Não chega a causar surpresa as declarações do senador mineiro, se resgatarmos sua atuação como presidente da Câmara dos Deputados.
No ano de 2001, por exemplo, Aécio Neves estendeu o tapete vermelho do Parlamento brasileiro para o então secretário de Defesa dos EUA, William Cohen, empurrar a Alca goela abaixo do Brasil. O seminário "O Brasil e Alca", na Câmara, tinha oficialmente o objetivo de debater o tema, mas politicamente foi uma ação de pressão política, para reduzir resistências e abrir caminhos para a implementação daquele projeto.
Do encontr, foi produzido o compêndio – há quem chame de livro – com o mesmo nome do seminário, organizado pelo ex-deputado neoliberal Marcos Cintra (PFL) e pelo diplomata Carlos Henrique Cardim. O prefácio é de Aécio Neves e, nele, encontramos um pouco de seu pensamento de rendição à dependência econômica do país, via Alca.

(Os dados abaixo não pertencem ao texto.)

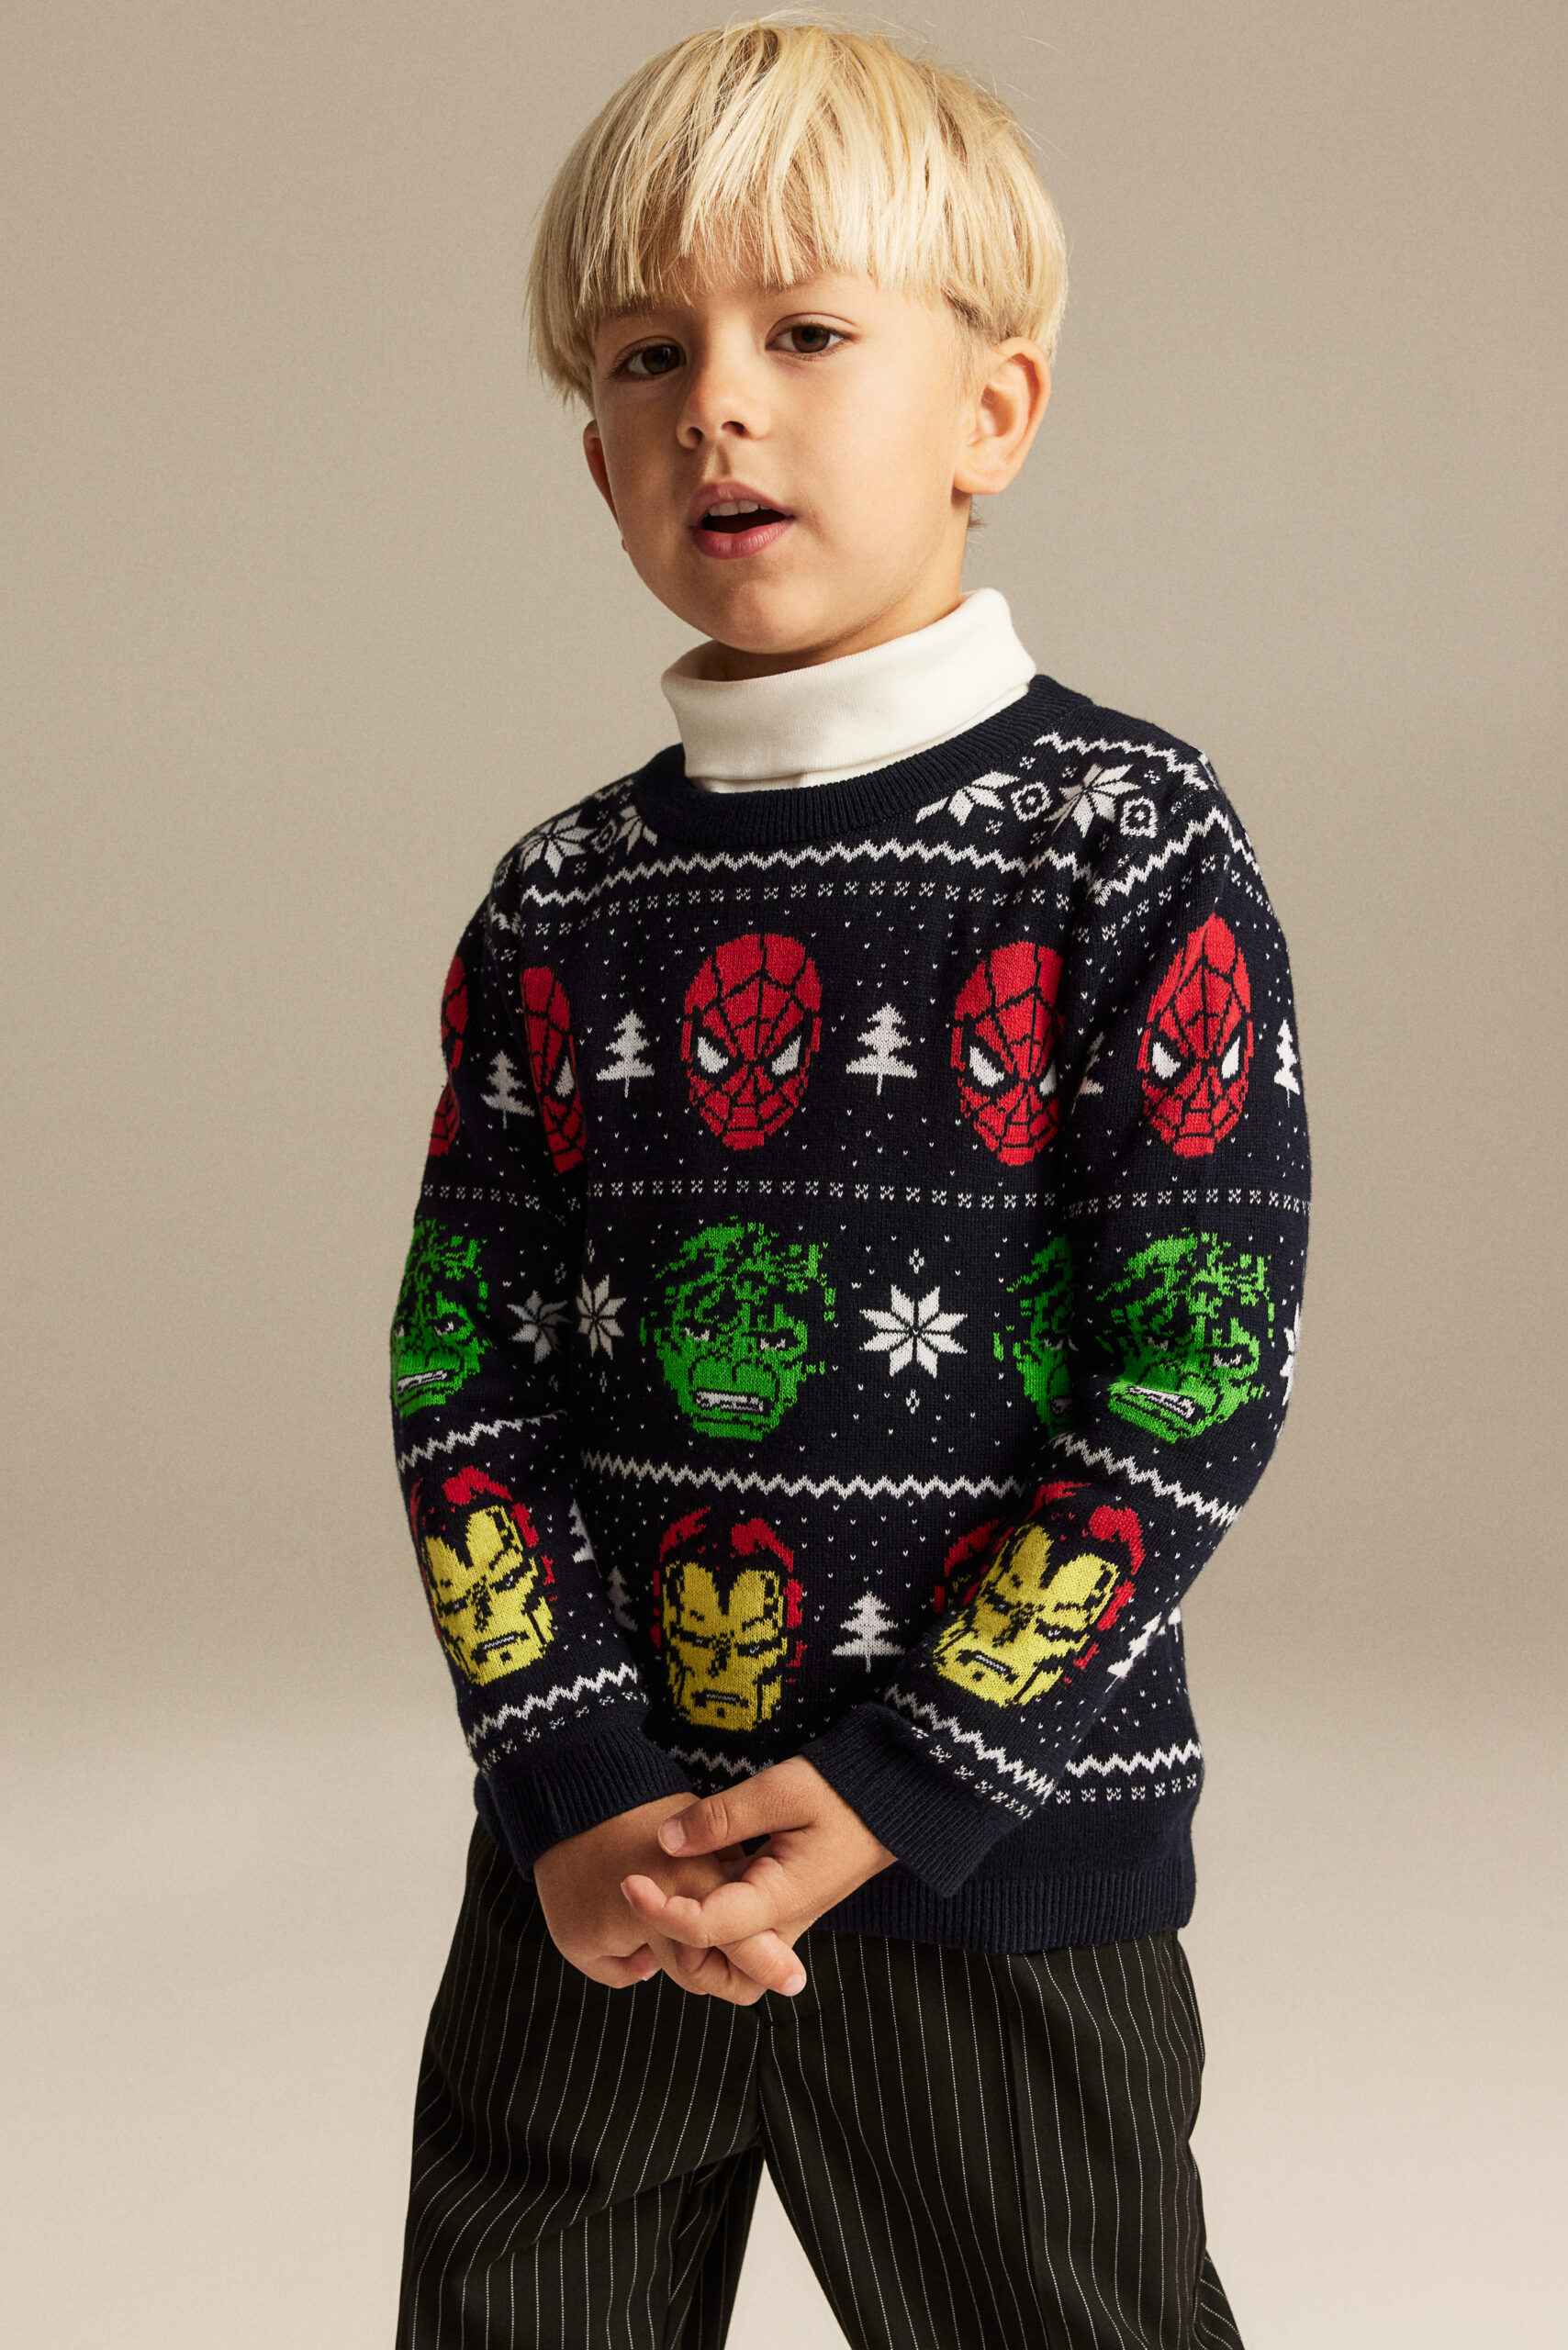 boy wearing jacquard-knit sweater with marvel characters including Spiderman, The Hulk and Iron Man

O atual presidenciável dava como certa a implementação da Alca, e tratava o evento que acabara de patrocinar como "um marco" para alcançar os objetivos (estadunidenses), chamados por Aécio como "formidável":
"De fato, o Seminário “O Brasil e a Alca”, realizado nas dependências da Câmara dos Deputados, por iniciativa desta Casa, nos dias 23 e 24 de outubro de 2001, pode ser interpretado – e certamente assim o será nos anos vindouros – como um marco na trajetória de nosso processo de integração continental.
(...)
Sem dúvida, a liberalização do comércio em um território habitado por mais de 800 milhões de pessoas, com um PIB conjunto de US$ 11 trilhões, simultaneamente à construção de uma normativa comum em áreas como a de serviços, de investimentos, de compras governamentais e de propriedade intelectual, é, em si mesma, um objetivo formidável."

Este parágrafo acima é uma pérola de servilismo, que parece até escrita pelo Departamento de Estado dos EUA e apenas entregue a Aécio para assinar, pois nem sequer cita as barreiras impostas pelos norte-americanos para a entrada de produtos agrícolas brasileiros, um contencioso histórico.
Ou seja, defendeu integralmente que o Brasil abrisse seu mercado interno para os EUA, sem sequer exigir qualquer contrapartida, mesmo em setores que o Brasil já era mais competitivo.

Como se não bastasse, o prefácio de Aécio ainda trata a Alca como "acordo já firmado", "caráter urgente", e estabelece prazo-limite para 2005, o que faz o texto parecer mais uma peça de lobismo escancarado.
"... Há que se ressaltar o caráter relativamente urgente de tão ambicioso empreendimento. Com efeito, não defrontamos com um mero protocolo de intenções, mas, sim, somos partícipes de um acordo já firmado sobre o cronograma das correspondentes negociações, o qual prevê a conclusão dos entendimentos no horizonte já visível do ano de 2005".
Para se ter uma ideia, a proposta de fazer um tratado de livre comércio amarrando compras governamentais condenaria todo o futuro da política de conteúdo nacional na exploração do pré-sal. Hoje o Brasil já cria uma indústria até de sondas de perfuração, a qual nunca teve. Com a Alca, teria de comprar eternamente tudo em Houston. O resultado imediato disso? Desemprego e desindustrialização no Brasil.
Com a Alca, dificilmente teríamos como escolher o caça sueco Grippen e participar de seu desenvolvimento tecnológico. Seríamos praticamente obrigados, por tratados, a comprar os caças da Boeing e nas condições deles de não oferecer transferência de tecnologia.
Também eram um desastre anunciado as cláusulas de proteção de investimento. Se um investidor americano fizesse uma aplicação financeira no Brasil e o dólar aqui desvalorizasse, teríamos de pagar indenização por isso.
Outro desastre seria a abertura irrestrita do mercado a bancos e seguradoras dos EUA. Imaginem o rico dinheiro da poupança do cidadão brasileiro aplicado no Lehman Brothers, que faliu na primeira das recentes crises internacionais, em 2008...
Agora, a ameaça de acabar com o Mercosul e retomar a agenda da Alca entra no rol das "medidas amargas" e impopulares – já anunciadas, mas ainda obscuras – propostas pelos tucanos.